Four laps went by before the restart, when Vettel fought off the advances of his pursuers and was able to build a slight lead. However, his team-mate was struggling to drive his damaged car and returned to the pits to check the damage while work was done on the front wing. But it was all in vain and he was soon back to park up in the garage and retire.

The two leaders were lapping at almost identical pace and the two teams watched one another, waiting for the pit stops to begin. Hamilton was the first to come in at half distance, fitting the Softs. Seb stepped up the pace, prior to pitting. He also went for the yellow tyres and the driver congratulated the team on its perfect work, as he emerged still leading the race by 1”9. On lap 25, Seb a fastest lap.

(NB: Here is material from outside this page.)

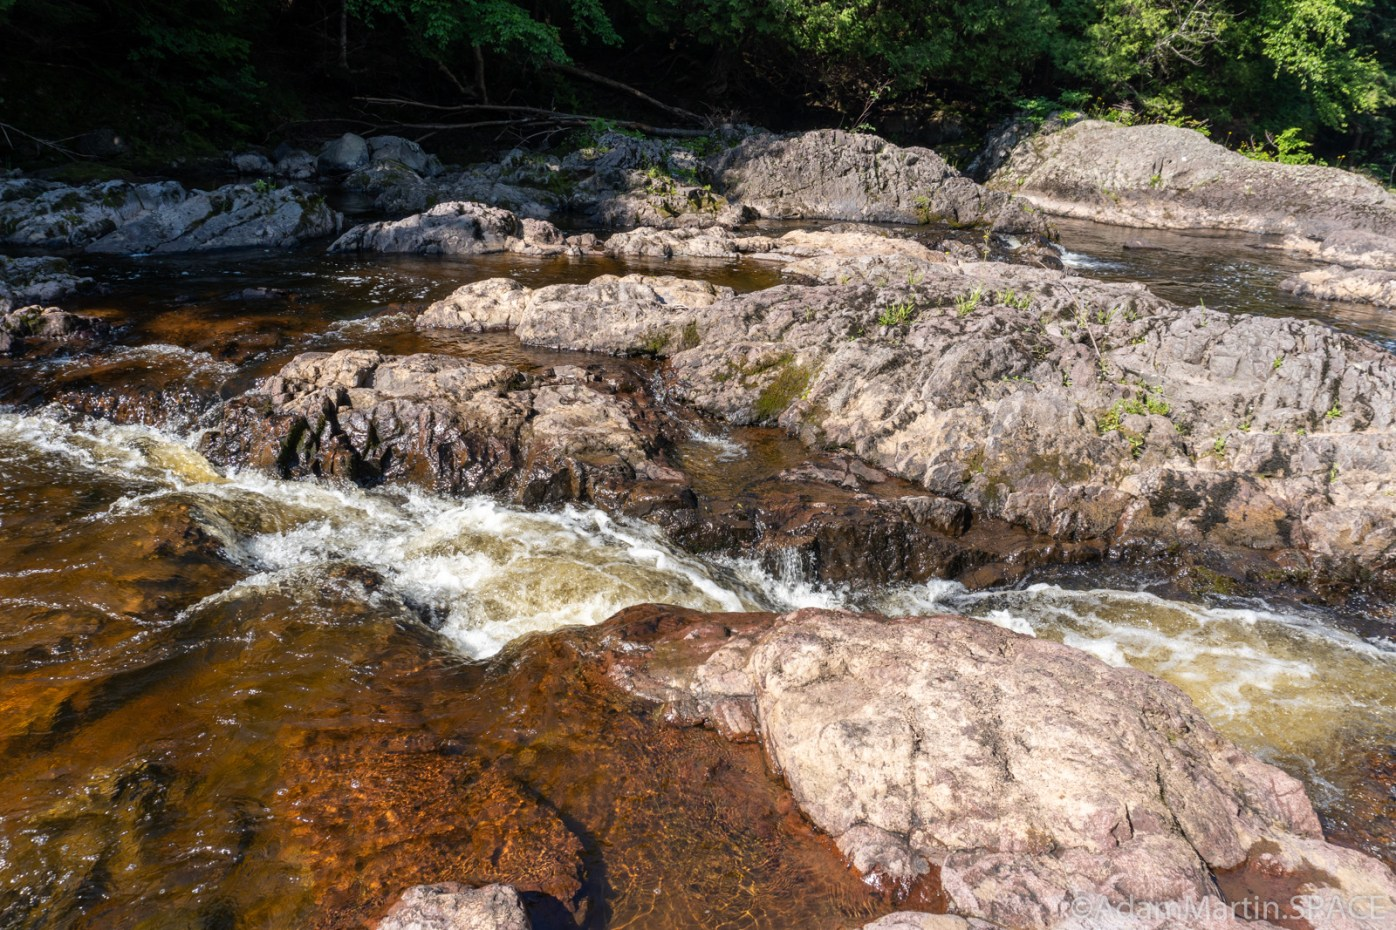 Potato River Dalles - Water cutting through rock

With 15 laps to the flag, the Ferrari led by over 4 seconds and the key would be tyre management, but the battle was far from over. On lap 35, it was time to lap the backmarkers. There were five laps to go, the gap was 7” and growing. David Sanchez, the head of the aerodynamic engineers was sent up to the podium. “Great job everyone,” said Maurizio by way of words of thanks.

Maurizio Arrivabene:

“That was a fantastic win today, with a great race from Seb and the whole team which, both at the track and back in Maranello, fought back from yesterday’s difficulties in a strong, calm and determined manner, while the car showed all its potential. What happened to Kimi is a real shame and, but for that, we might have had even more to celebrate and the Constructors’ classification would look a bit different. Now, the important thing is to carry on working with determination and humility, without ever giving up. Now we come to Monza and right from Wednesday, we will get the chance to get close to our fans during the event at Darsena di Milano. I am sure that will be able to count on the support of all our tifosi, as the championship goes on, getting more and more interesting. We hope that, come the end of the year, we can give them something to really smile about.”

Sebastian Vettel:

“I’m very happy because we had a great race, the car now has proved to be robust on all tracks and this weekend we got a little more power from the new engine, which I think also helped us down the straights. At the start I tried to stay close to Lewis, getting a good exit out of Turn 1 and then taking advantage of the slipstream to get past. After the Safety car pulled out, it was just the other way round, so I looked after the exit of Turn 1 to stay ahead. The first stint was very close, only a couple of seconds between us; but then the guys did a fantastic pit-stop, I could not believe the light had turned green so fast, and that gave our rivals no chance. The second stint was ore about managing the car and the tires for both of us. This is a great win for the whole team and hope in Monza it will be the same, but we need to keep fighting to be always up there.”

Kimi Raikkonen:

“I don’t know what happened at the start: the only thing I know is that somebody hit me from behind and straight after that I got a puncture. I had a lot of damage to the rear wing endplate and the floor; at that point I could not go fast and the DRS stayed open all the times, it was hard to remain on track. It was pointless to continue, the damage was too big, so we decided to go back to the garage.”